Search

Universal full-text search over instance text, backed by SQLite FTS5. Not gated to QDA Mode — admins/adjudicators can search any project to locate instances. An optional, guarded annotator search-and-claim lets annotators pull rare candidates into their own queue.

Overview

  • Lexical search via a SearchBackend abstraction. FTS5 ships now; a VectorBackend stub documents the contract for future semantic search.
  • The index is built from instance text on server start and lives in the universal <task_dir>/project.sqlite (instance_fts table).
  • If the SQLite build lacks FTS5, search is cleanly disabled (endpoints return 503); the rest of Potato is unaffected.

Configuration

search:
  enabled: true            # default true (universal)
  backend: fts5            # only fts5 in this release
  max_instances: 100000    # cap on indexed instances
  annotator_claim: false   # opt-in annotator search-and-claim (guarded)
Option Default Description
search.enabled true Build the index and enable endpoints.
search.backend fts5 Search backend.
search.max_instances 100000 Maximum instances indexed.
search.annotator_claim false Enable annotator-facing search + claim (see guard below).

Endpoints

  • GET /admin/api/search?q=<query>&limit=<n> — admin/adjudicator, read-only. Always safe (no self-selection).

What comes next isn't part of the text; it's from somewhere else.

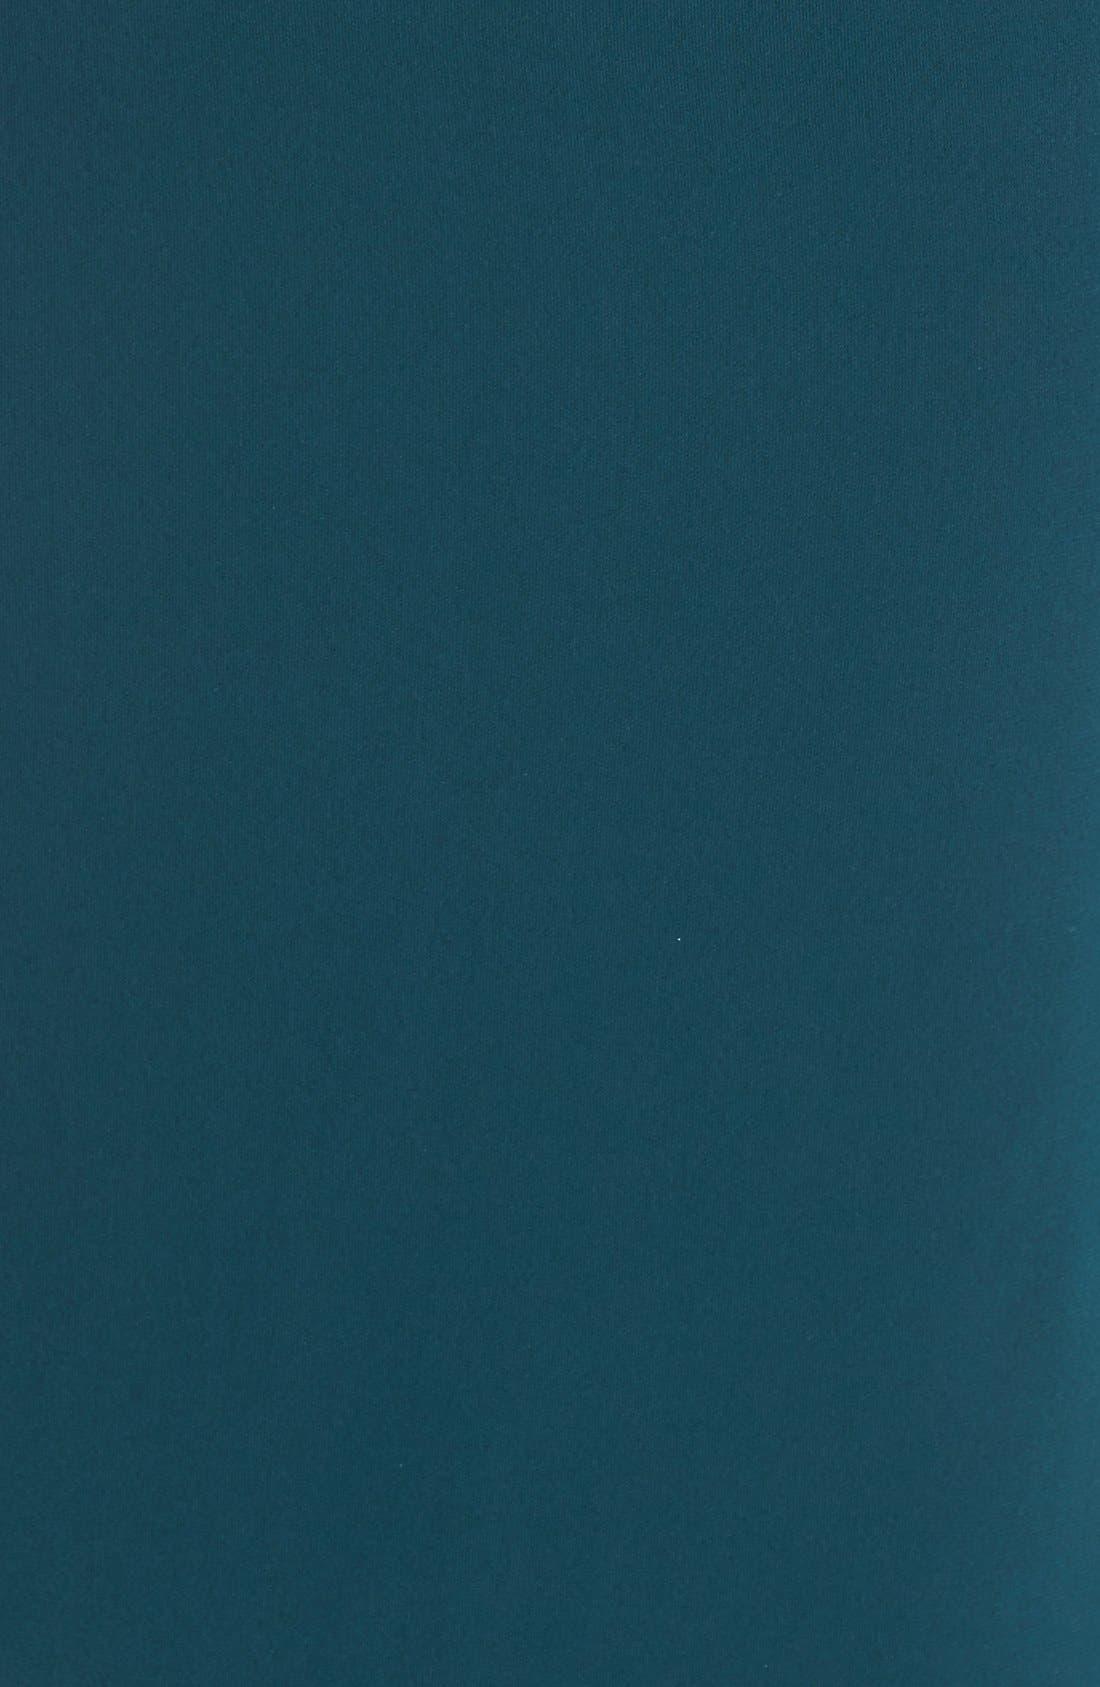 'Solange' Off the Shoulder Midi Dress,                             Alternate thumbnail 6, color,                             Teal

Requires the admin API key (X-API-Key) or adjudicator status.
  • GET /api/search?q= — annotator search (only when annotator_claim: true).
  • POST /api/search/claim {instance_id} — pull a matching instance into the annotator's queue (only when annotator_claim: true).

User queries are tokenized and quoted before hitting FTS5, so arbitrary punctuation (including injection attempts) is safe and never interpreted as FTS5 syntax.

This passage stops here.